Em março, o Brasil exportou 1,808 milhão de toneladas de açúcar, volume 1,42% inferior ao registrado no mesmo mês do ano passado, segundo a Secretaria de Comércio Exterior. A receita somou aproximadamente R$ 3,39 bilhões (US$ 657,57 milhões convertidos a R$ 5,15), recuo de 24,7% na comparação anual, refletindo preços internacionais mais baixos.
Apesar da retração no mês, o acumulado do primeiro trimestre ainda indica crescimento em volume. Entre janeiro e março, os embarques alcançaram 6,04 milhões de toneladas, alta de 5,78% sobre igual período de 2025. A receita, por outro lado, caiu 19,6%, evidenciando a pressão sobre os preços médios.
No campo, a principal mudança está no mix de produção. A moagem no Centro-Sul deve variar entre 625 milhões e 635 milhões de toneladas, com maior participação do etanol. A parcela da cana destinada ao açúcar tende a cair para 48,8%, abaixo dos 50,7% do ciclo anterior, em resposta direta aos preços mais elevados dos combustíveis.
Esse ajuste ocorre em um cenário de possível déficit global estimado em 2,7 milhões de toneladas na safra 2026/27, o que, em tese, sustentaria as cotações internacionais. No entanto, o comportamento das usinas tem atuado como fator de contenção no curto prazo.
Levantamento da StoneX indica que as fixações de açúcar no Centro-Sul avançaram de 41,8% para 59,5% ao longo de março. A diferença em relação ao mesmo período do ciclo anterior, que já foi de 20 pontos percentuais, recuou para cerca de 10 pontos.

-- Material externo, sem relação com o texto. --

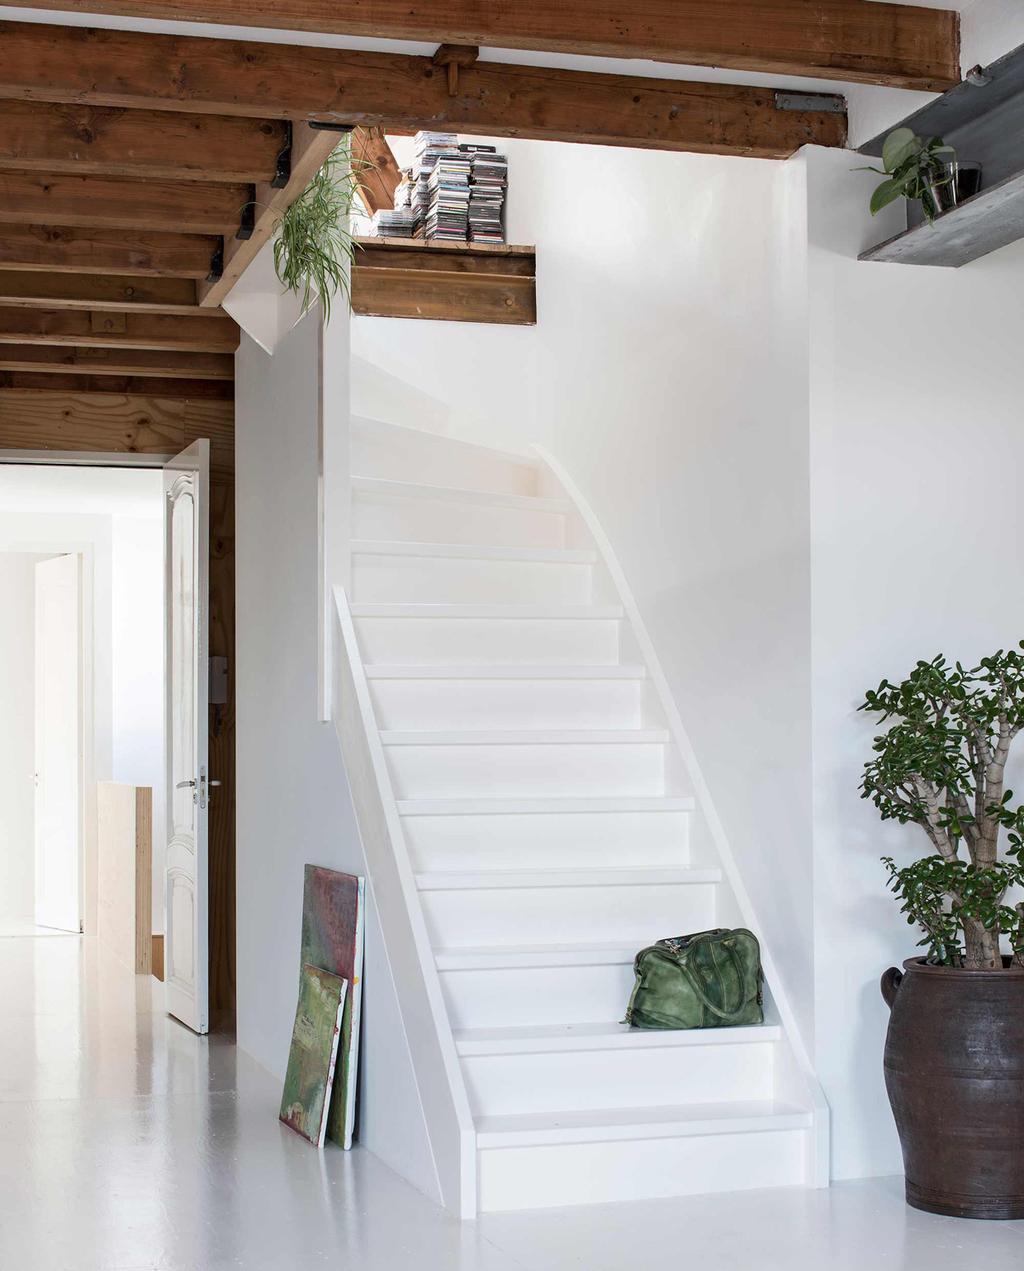 witte robuuste trap in huis met veel balken

Na prática, esse movimento reduz a pressão de venda que vinha travando altas mais consistentes. Com menos volume disponível para negociação imediata, o mercado passa a operar em um ambiente mais equilibrado, com menor resistência a eventuais valorizações.
No cenário internacional, os preços do açúcar registraram ganhos moderados em março, influenciados por fatores financeiros e geopolíticos, como a redução de posições vendidas por fundos em meio a tensões no Oriente Médio.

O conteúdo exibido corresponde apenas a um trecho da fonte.